第26話「いっせえび~♪ いっせえび~♪ ふんふんふ~ん♪ いっせえび~♪」

「俺とこの子、期間限定の『豪華!伊勢海老入り!特製海鮮丼!!』を2つで」

 俺が店員さんに告げると、


「いっせえび~♪ いっせえび~♪ ふんふんふ~ん♪ いっせえび~♪」

 俺の気も知らずに、ロゼッタはルンルン気分で超適当な伊勢海老ソングを口ずさんだ。


「出来上がるまで少々お待ちください」

 店員さんがにこやかに笑いながら立ち去っていくのを見送りながら、俺は口を開いた。


「ロゼッタ。まじめな話をするから、よく聞いてくれ――っとその前に自己紹介が先か。俺は今は黒野真央。1週間ほど前に前世の記憶を思い出したばかりだ」


「わたしは今は咲蓮されんロゼッタです。えーっと、趣味はカラオケでぇ、スイーツが大好きでぇ、犬を飼っていて。あ、見ます? ミニ柴なんですけど、モフモフでもうすっごく可愛くて~」


 ロゼッタがスマホを取り出すと、フォルダ内にある犬の写真を見せてくる。

 赤茶のミニ柴はくりくりした瞳で愛嬌のある顔立ちで、とても可愛らしかった。


「なるほど。たしかに可愛いわんこだな。ま、それは置いといてだ。ロゼッタが前世の記憶を取り戻したのはいつだ?」


 飼い主ってのは自分ちのペットの話をしだすとたいがい、話が長くなるものなので、俺はサクッと話を次に進める。

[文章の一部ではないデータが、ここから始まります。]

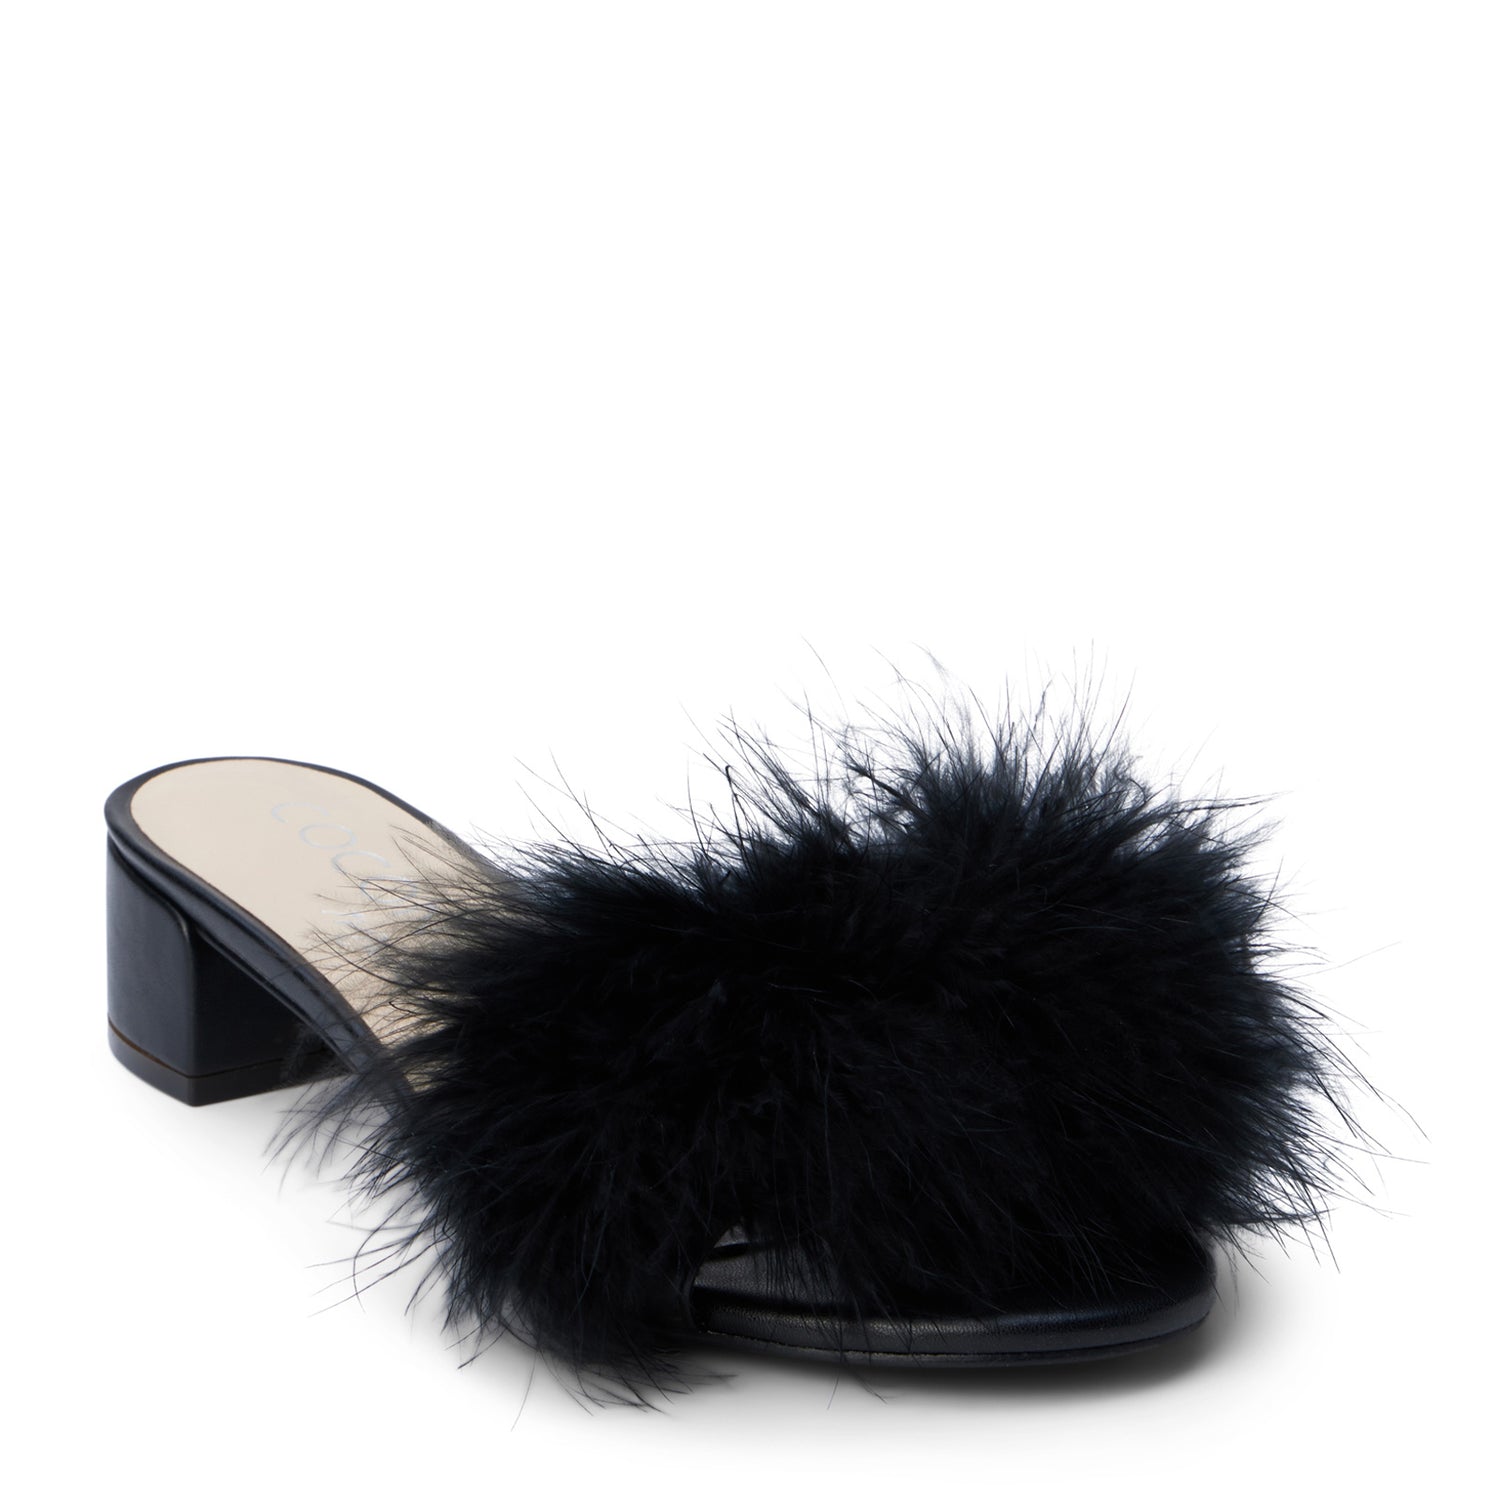 Peltz Shoes  Coconuts by Matisse Olivia Slide BLACK OLIVIA BLACK

「わたしは今日です。魔王さまを見てビビッと電流が走っちゃいました」

「おいおい、あの瞬間かよ? 前世と今じゃ、見た目は全然違っているだろ? 良くわかったな?」


「もぅ、魔王さまってば~。そんなの見ればわかりますよ~。やだな~」


 ロゼッタはさらっと言ってのけるが、もちろんそんな簡単な話ではない。

 現にルミナはいまだに俺が魔王であると確信が持てずに、俺を疑い続けているのだから。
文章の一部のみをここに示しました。